Starting a thread here since it might be of interest to broader community. I started looking at lowering of loop.parallel to gpu.launch . Wanted to get some clarifications on some aspects here.

  1. The lowering is driven by a DictionaryAttr containing three fields processor, map and bound. With patch D76165 I attempted to convert it to use a StructAttr. I am not sure I fully follow what map and bound are for. My current understanding is that
    map is meant to implement a mapping from iteration to processor ID, but most examples I see a mapping of the form affine_map<(d0) -> (d0)>. The bound too has the same affine map in example I saw. So some clarification would be great!

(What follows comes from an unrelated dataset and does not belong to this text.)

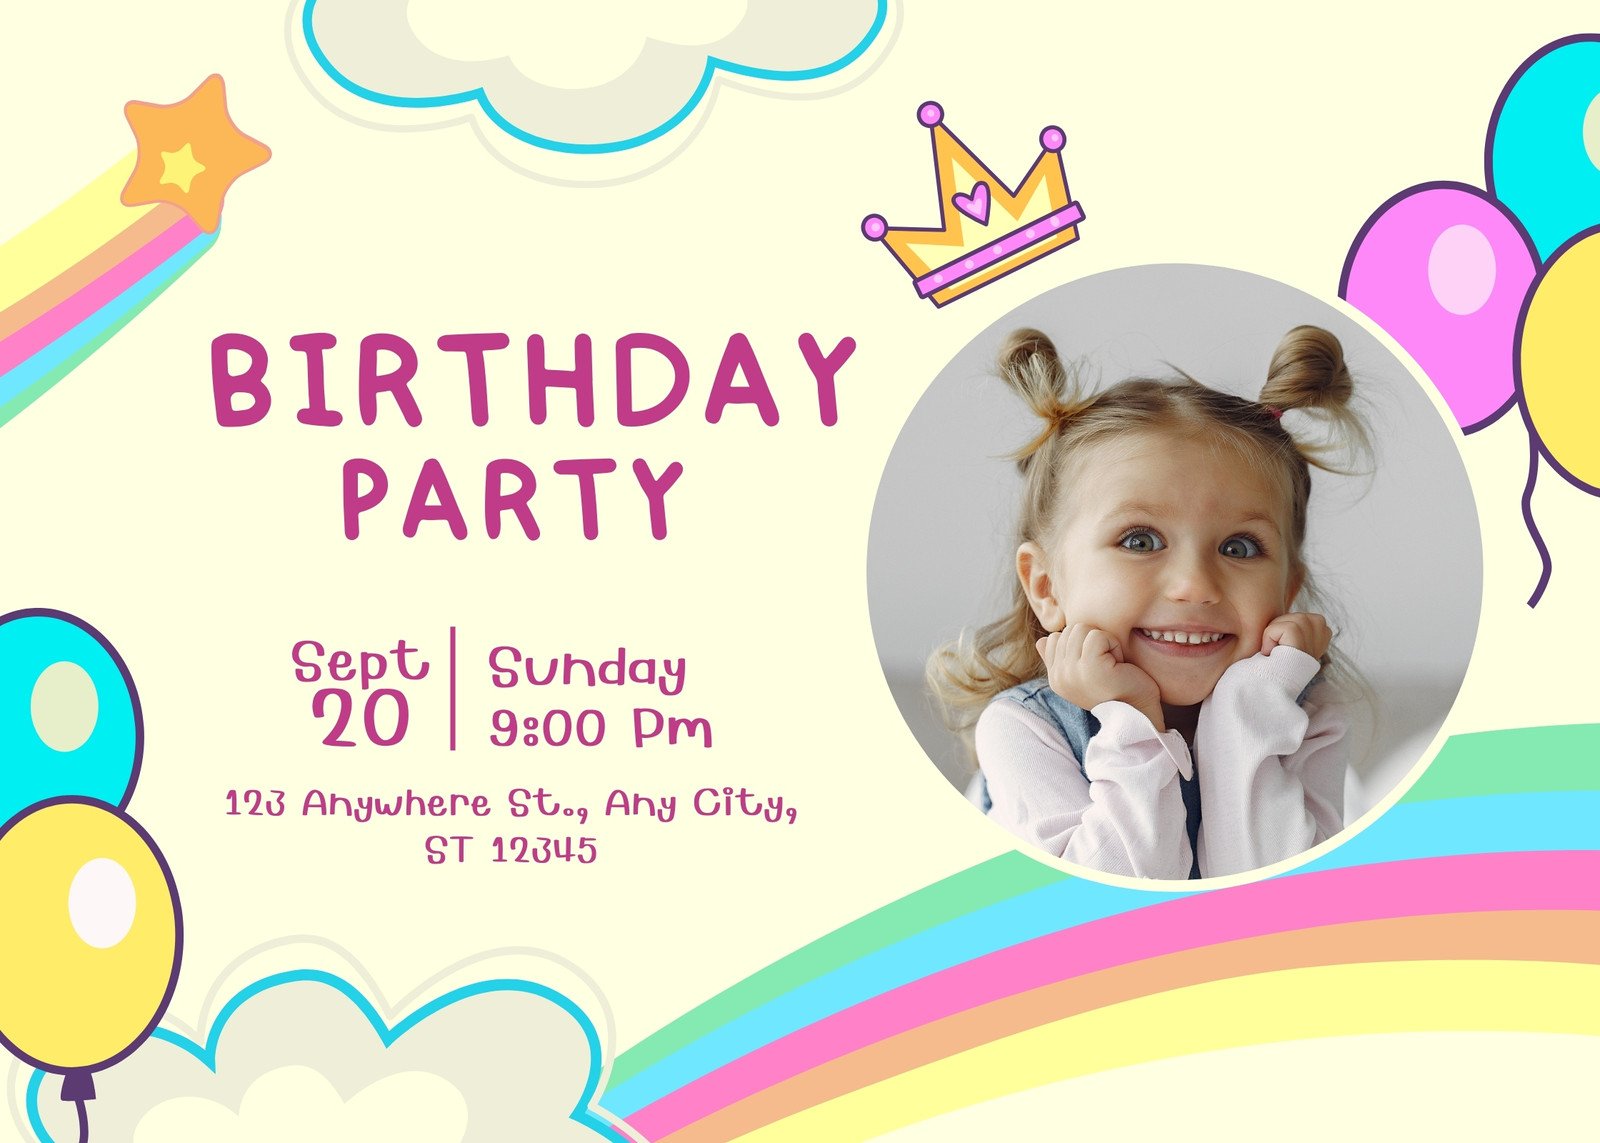 Birthday Invitation Pictures  Download Free Images on Unsplash
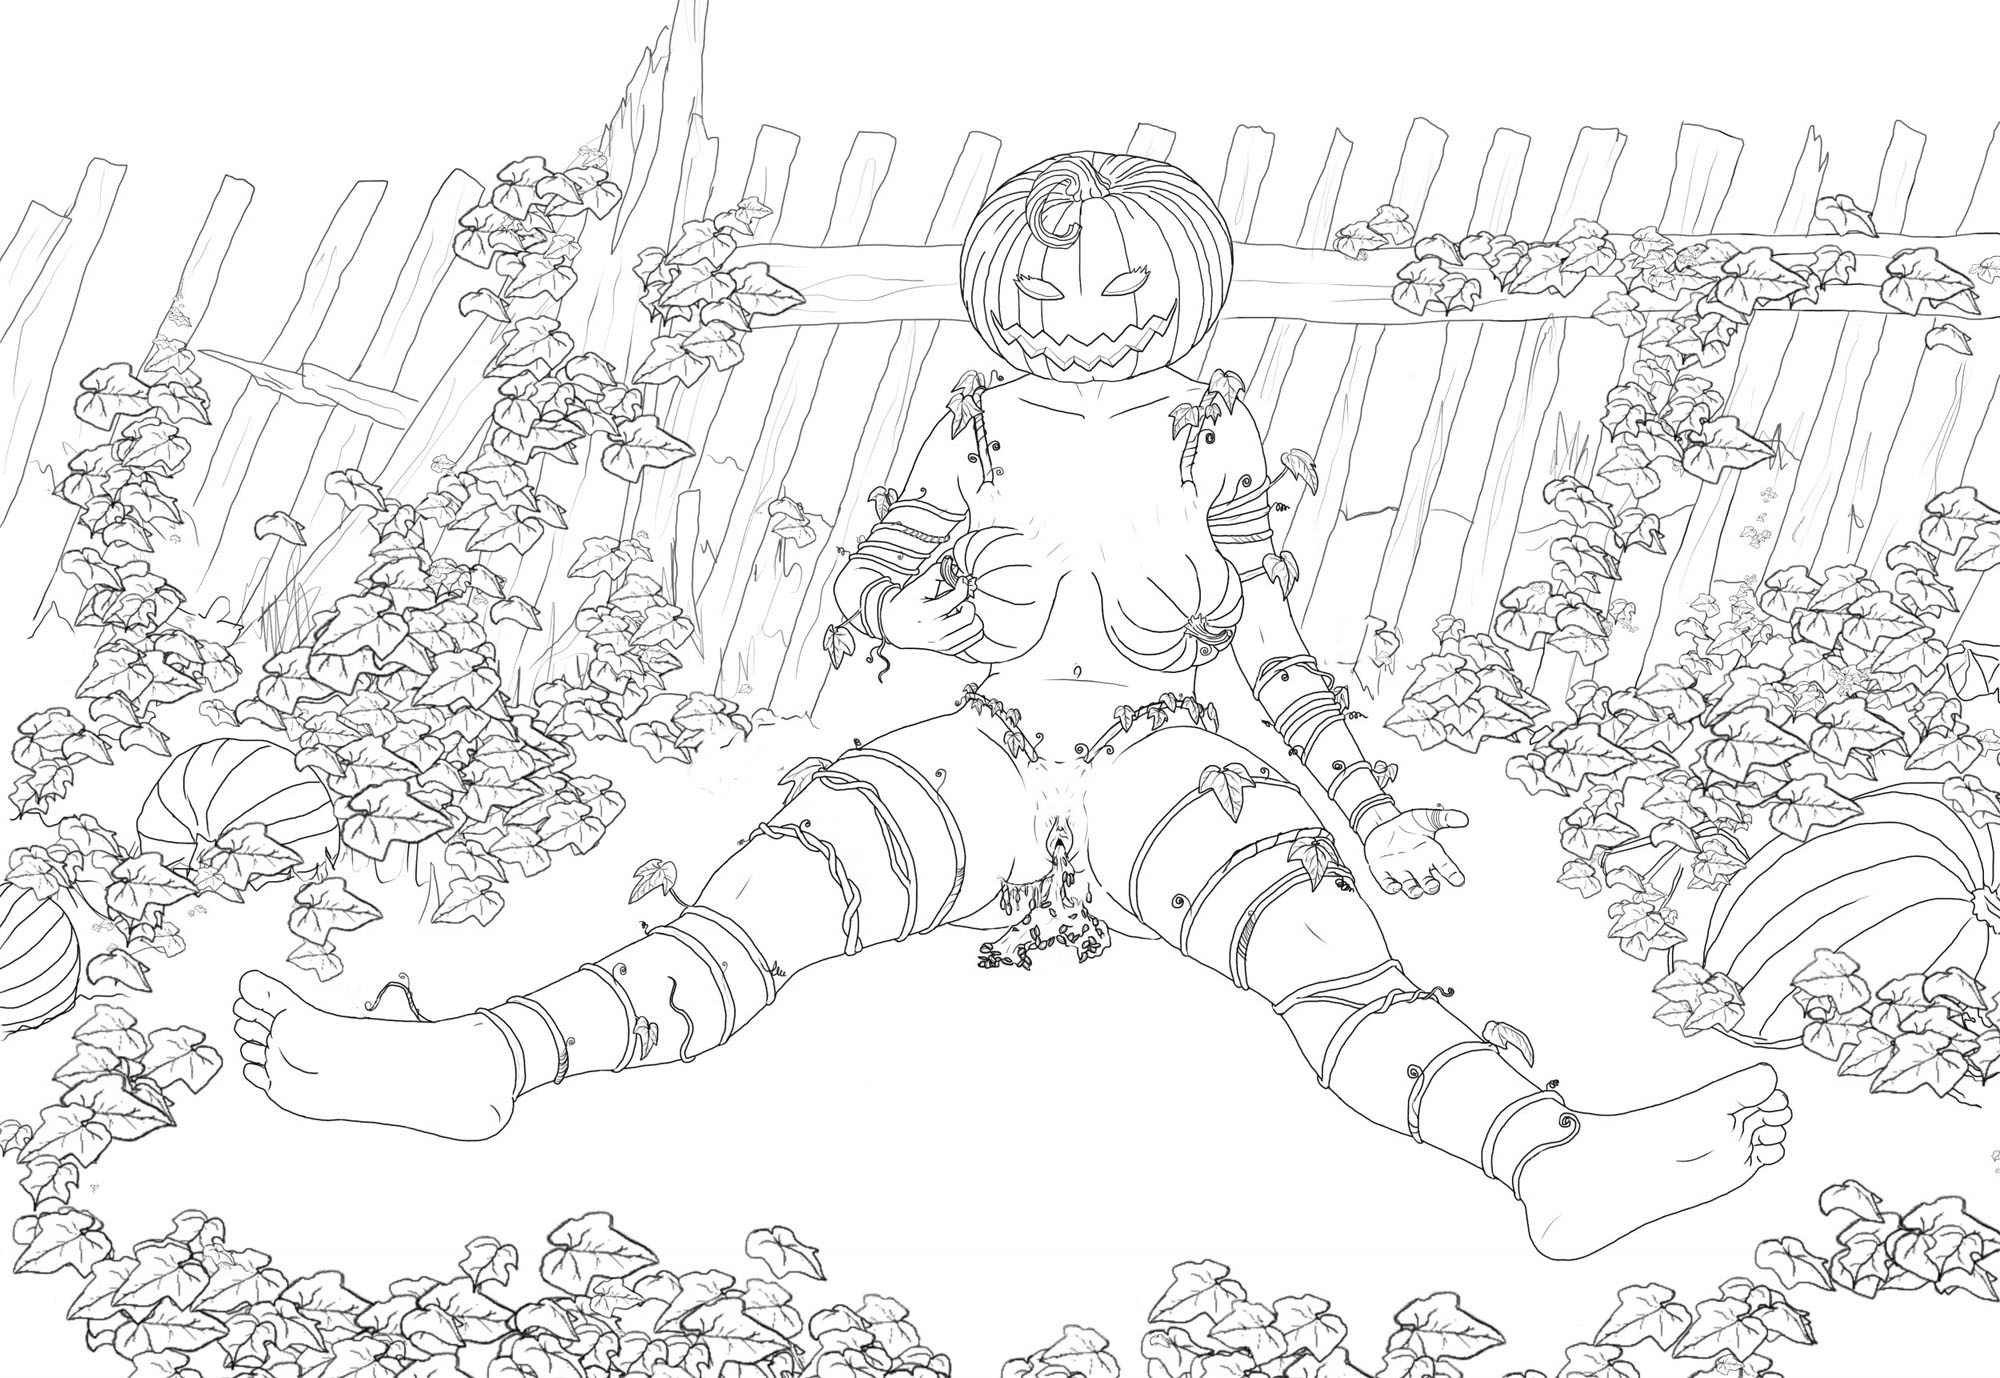 Drawing, finished transformation. Naked woman with a smiling, feminine jack-o-lantern head propped against a broken wooden fence. Pumpkin vines growing from her skin wrap her arms and legs like puppet strings. Her breasts have become half-pumpkin with stem nipples. Pumpkin seed filled pumpkin innards spill from her vagina and onto the ground.

  2. There is in general no real requirement that the number of iterations matches the number of processors. The current implementation seems to make this assumption. The number of blocks for example is computed using affine_map<()[s0, s1, s2] -> ((s0 - s1) ceildiv s2)> where s0 is the upper-bound of the loop, s1 the lower bound, and s2 the step.I think this is derived from the map and bound in some way, but I cant follow how the map and bound are used for this. I started looking at this lowering to replace the use of the createLoopToGPUPass within IREE. The code that is generated on the device side works even if the number of blocks used eventually when running the kernel represented by the gpu.func (created by outlining from a gpu.launch operation) is different from what was used when the gpu.launch operation was created. It achieves this by adding a loop

for (i = lb + blockId * blockSize ; i < ub ; i+= numBlocks * blockSize) { .. }

This way if you use a different number of blocks, the kernel still works. That is a very valuable thing to have in IREE, where the kernel might be compiled using a fixed blockSize, but the runtime is free to chose the number of blocks to use at runtime. I would like to preserve the same behavior when lowering from loop.parallel to gpu.launch operation.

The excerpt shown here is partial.